AvW: I have hired passionate people to work with me at K2. I strive to create a culture where my employees feel they can reach their full potential. I empower them to express ideas, encourage individual interests, and embolden them to act and pursue ideas immediately. This inspires energy amongst my employees.
TEC: Why do you believe K2 will remain successful in spite of the fierce competition by powerhouses like IBM, Oracle, TIBCO, Pegasystems, Software AG, Appian, etc.?
AvW: Here at K2 we are small, but that allows us to be agile. We live for our customers. Many of these big corporations live for financial analysts and bottom lines. We wake up in the morning and think how can we best serve our customers today; how can we innovate for them and learn from them? We are in a favorable position because we’re small; and it’s a culture you can embed deeply (i.e., in a smaller company it’s easier to get everyone’s buy-in). We’re agile, we’re fast, and we’re passionate about customer success.
TEC: Where do you think the BPM market is headed in the future? Certainly, case management/customer experience have been one direction for some time (including co-browsing, social, and predictive analytics) capabilities, can you think of other scenarios?
AvW: To be honest, I don’t think about where the BPM market is going, but rather what we’ve learned from it. I think there are certainly disciplines that are good to learn from in that space and I think it’s important to mix it with our own unique take on building business apps that let people run their company their way.
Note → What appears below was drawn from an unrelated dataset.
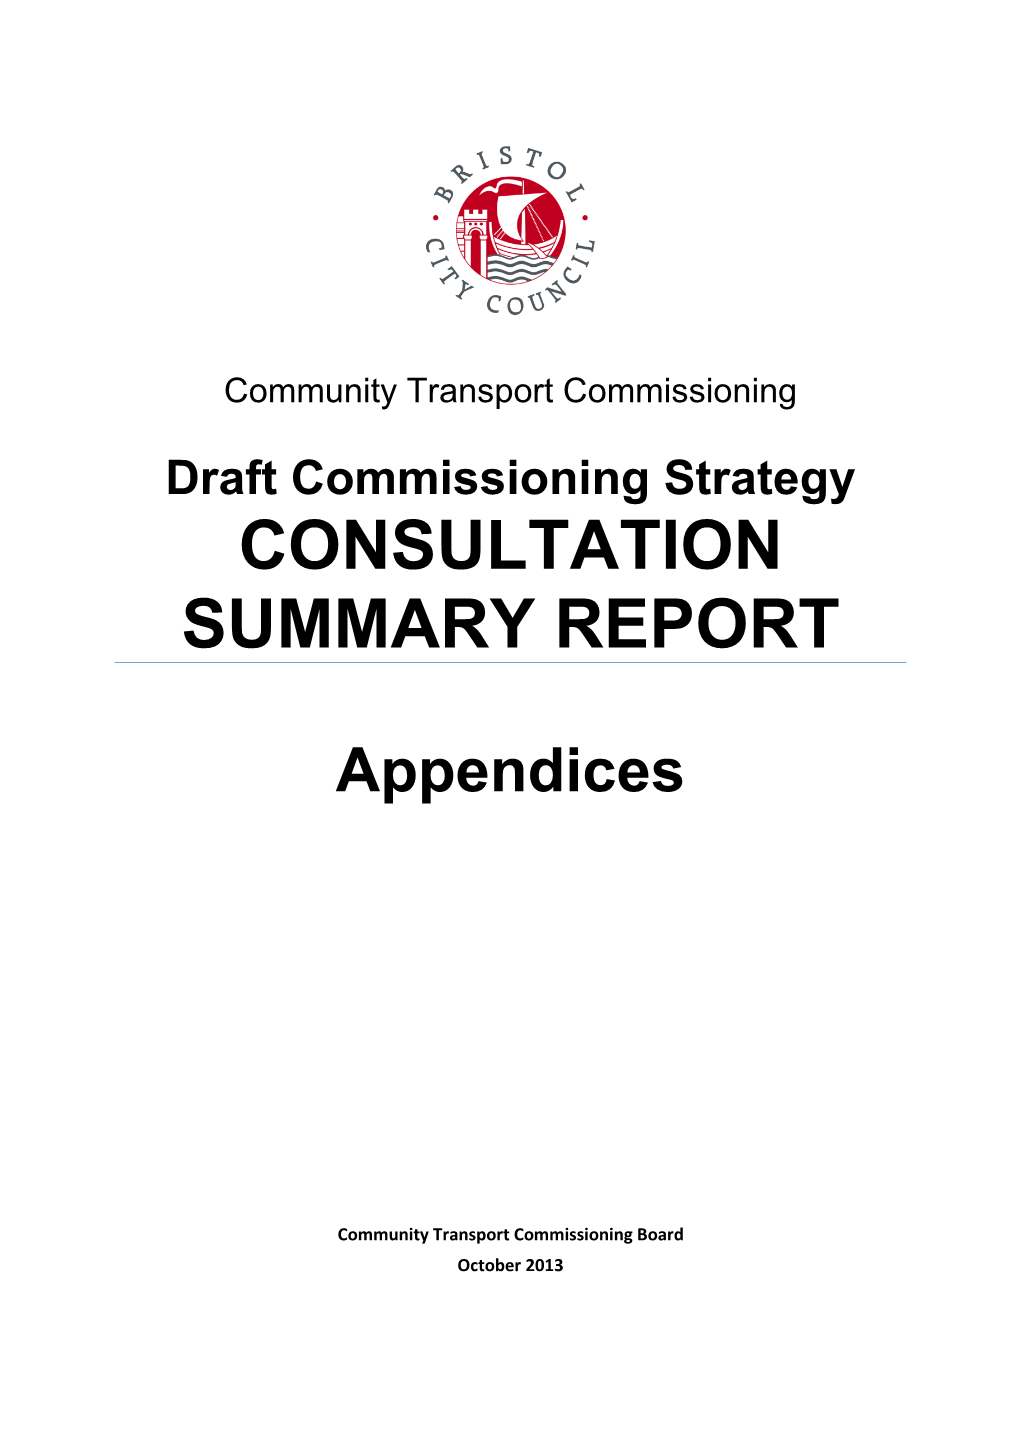 Consultation Summary Report

Van Wyk, who currently lives with his family in Seattle, Washington, offers the following two main philosophies on leadership as his parting comment:
  1. Find good allies that will go to battle with you. As they say, great employees build great companies. There must be no place for anyone to hide in your company. It is all about outcomes and the added value the employees deliver to customers. Everyone should buy into the vision. And, picking the people you work with should be based on that mantra.
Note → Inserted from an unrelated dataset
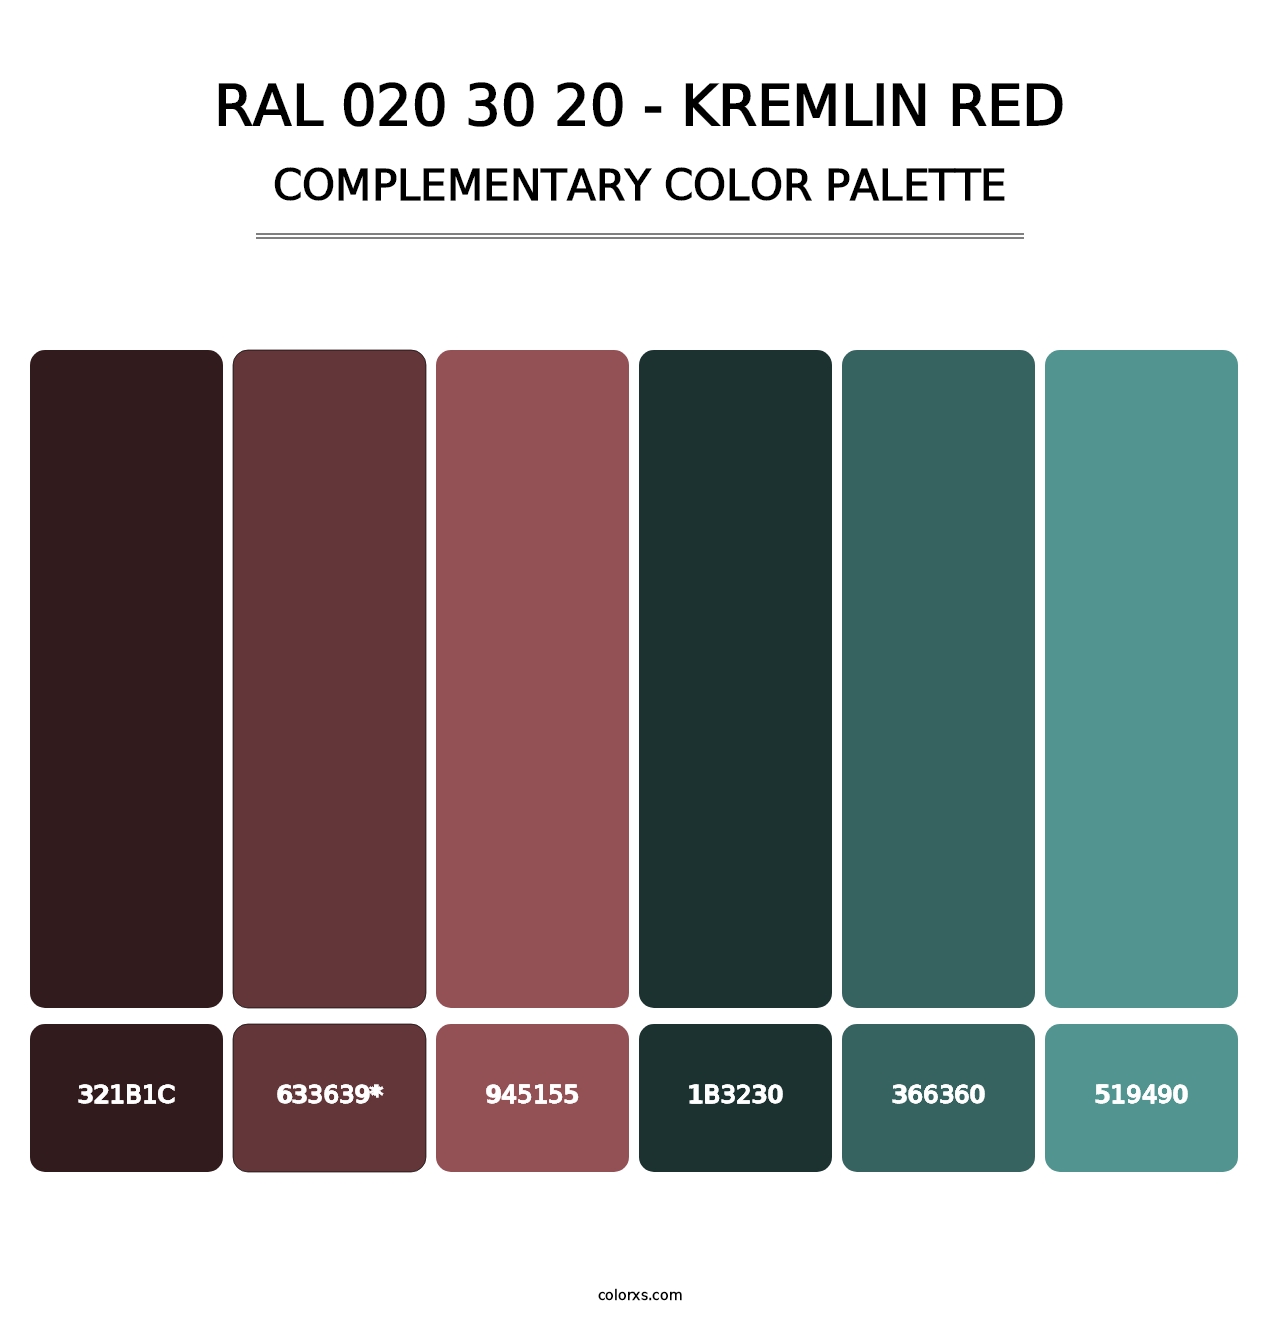 RAL 020 30 20 - Kremlin Red - Complementary Color Palette

  2. Focus on your customer success, but also on partner success. If you build an ecosystem, you have to focus on partner success also. If you just do those two things, the rest of it creates the natural momentum to drive success.
Coincidence or not, competitor Pegasystems and its founder and CEO Alan Trefler have failed three times (once almost fatally), but they seem to have hit the jackpot in the fourth attempt. Van Wyk does not see similarities with his trajectory, as he believes that K2’s business approach has been fundamentally different, but the coincidence is nonetheless striking.